What My Dog Taught Me on a Sniffing Walk 🐕🦺

We have an almost 2½-year-old dog named Delaney that we adopted from the local humane society. I like to take her on many walks because she needs a good amount of exercise. She’s adopted, so we don’t fully know what she is, but mostly she is a Black Mouth Cur. Yes, that’s a real dog breed, even if most people haven’t heard of it. They’re southern farm dogs that are used to having jobs (she does carry my daughter’s lunchbox home from school) and doing a lot of active work, so I feel bad if I’m not taking her on a couple of longer walks every day.
Now, anyone who has ever walked with me knows I have what you might call an East Coast stride. What is that? It’s walking to your destination with a little urgency. I walk fast, and I definitely don’t like stopping. That’s the worst part.

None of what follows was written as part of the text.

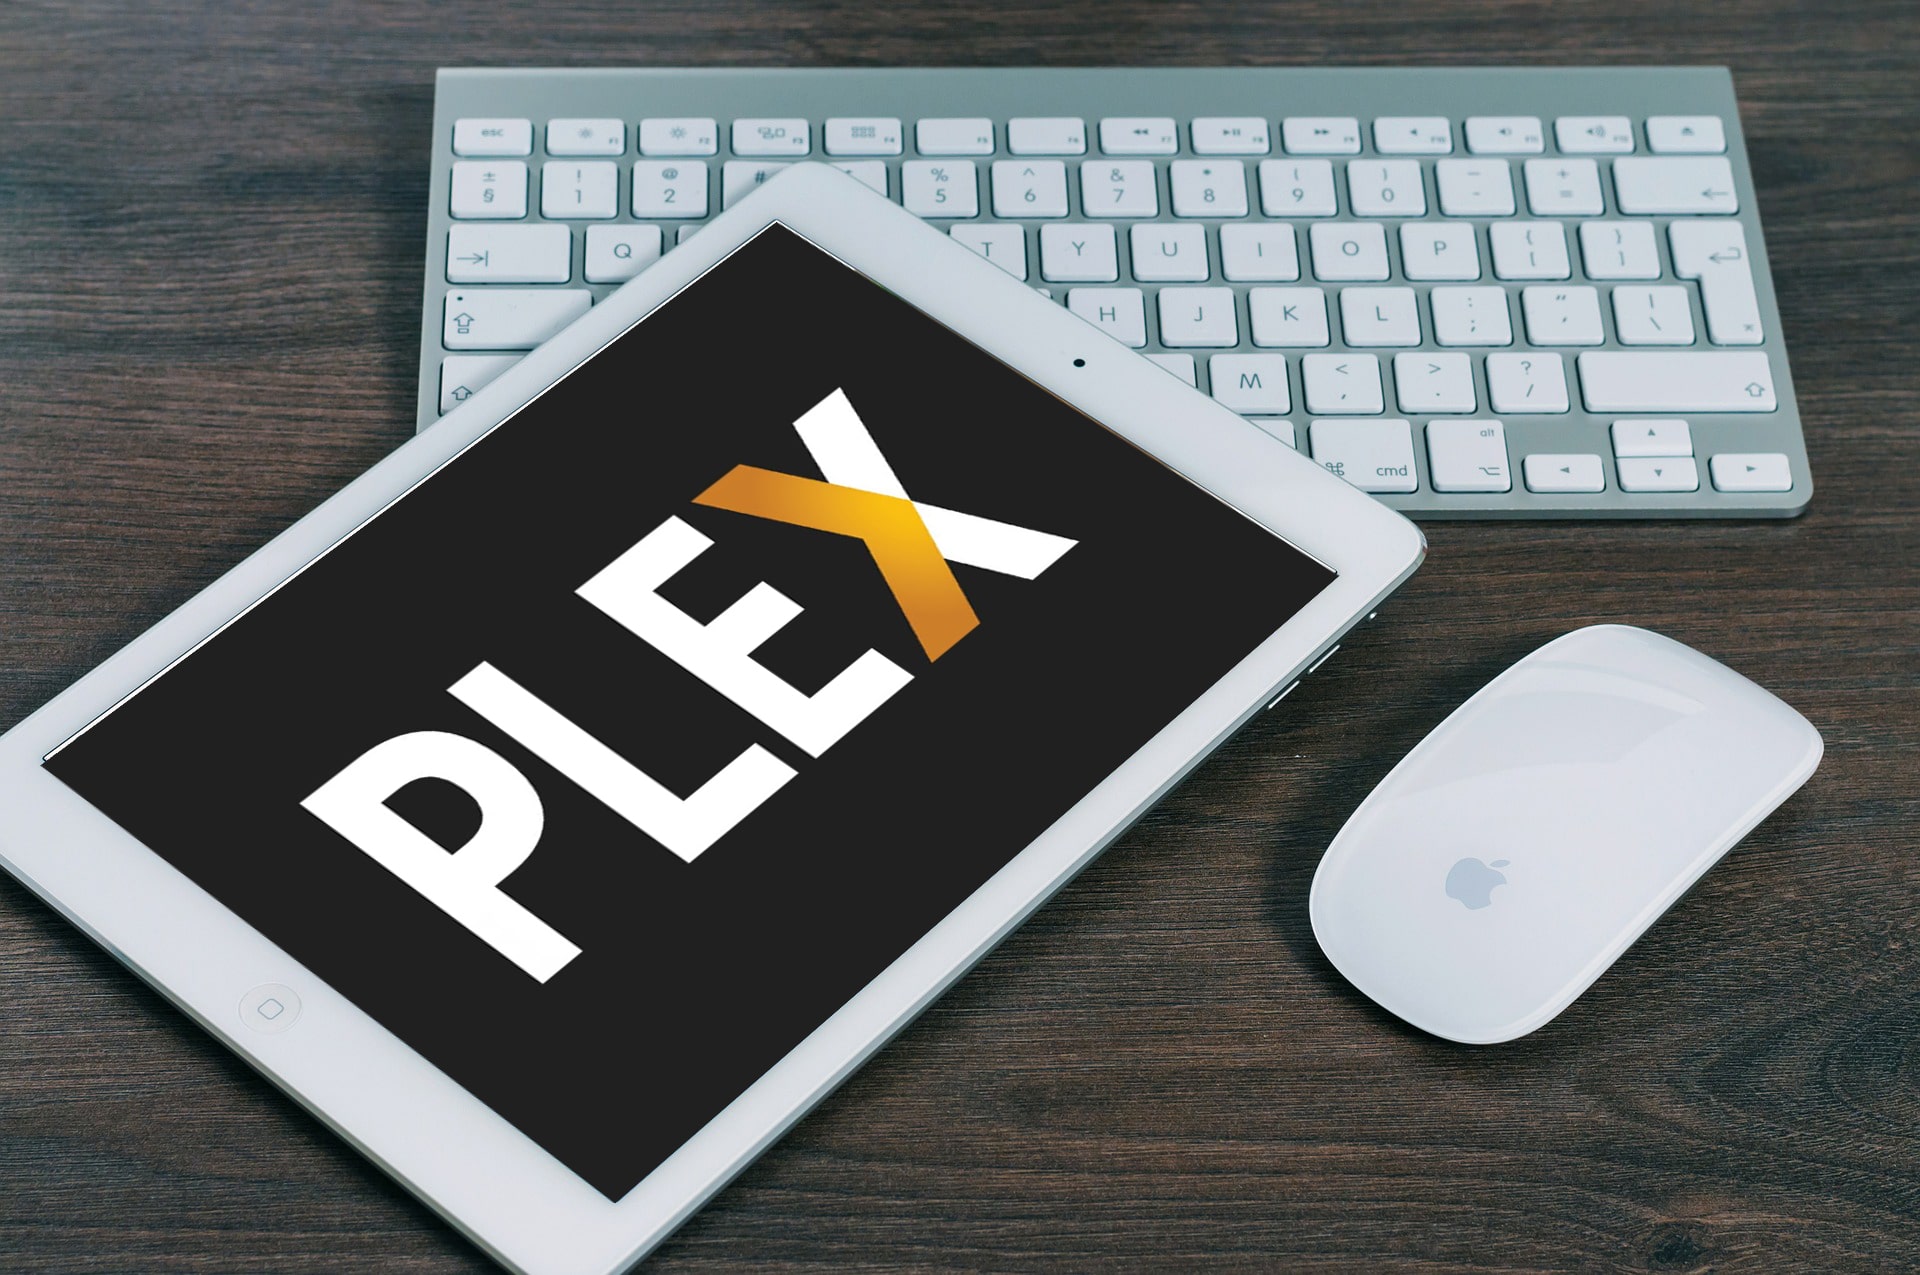 plex online

Delaney’s walking style, on the other hand—even when it’s subzero—is more like
“What’s the rush? Ohhhh, did you smell that smell 20 yards in the other direction? Let’s go investigate that!”
Or let’s smell this large stick that we already smelled on our other two walks… just in case.
And of course this drives me nuts.
Ironically, my Instagram feed picked up on my frustration. I saw a post explaining that dogs actually tire themselves out more through sniffing than through running. Some studies suggest that about 15 minutes of intense sniffing can burn as much mental energy for a dog as a one-hour walk. It also lowers their cortisol and pulse.
But when we constantly pull them away because we want to keep moving, we’re actually denying them one of their primary biological drives. It spikes their cortisol and frustration and can lead to more hyperactivity.
That made me rethink the way I was approaching our walks.
It forced me to slow down and let Delaney take more of the lead. I was trying to get to a place she wasn’t ready to go to yet. There was work to be done where we were standing. She needed to process what was here and who had been here.
To her, the walk wasn’t about getting back to the house in a certain amount of time.
It was about what happened along the way.
We had different objectives, and I was forcing mine on her because, in my mind, exercise meant movement.
But maybe exercise for her meant exploration.
That realization made me think about the work coaches do with clients and supervisors do with the people they lead.
One thing you learn early in coaching is that the client leads the process. You are in a support role. You help guide, but you don’t steer.
I often tell people that the moment you take the microphone away from your employee or your client, you’ve made the conversation about you instead of them.
Delaney’s job is to sniff and explore.
My job is to guide. To keep her safe. To occasionally lead her to places her nose never would have taken her on its own.
But the pace of discovery?
That belongs to her.
And it’s the same when you’re supporting clients, employees, or athletes. Your role isn’t to rush them toward your destination. It’s to create the conditions where they can explore, test ideas, and learn in a space that feels safe.
Sometimes that means letting them wander a little.
Sometimes it means stepping in when they start heading toward the road.
But most of the time it means trusting the process and letting them follow what matters to them.
Because helping people grow isn’t about dragging them somewhere faster.
Sometimes it’s about being patient enough to let them “sniff” their way there.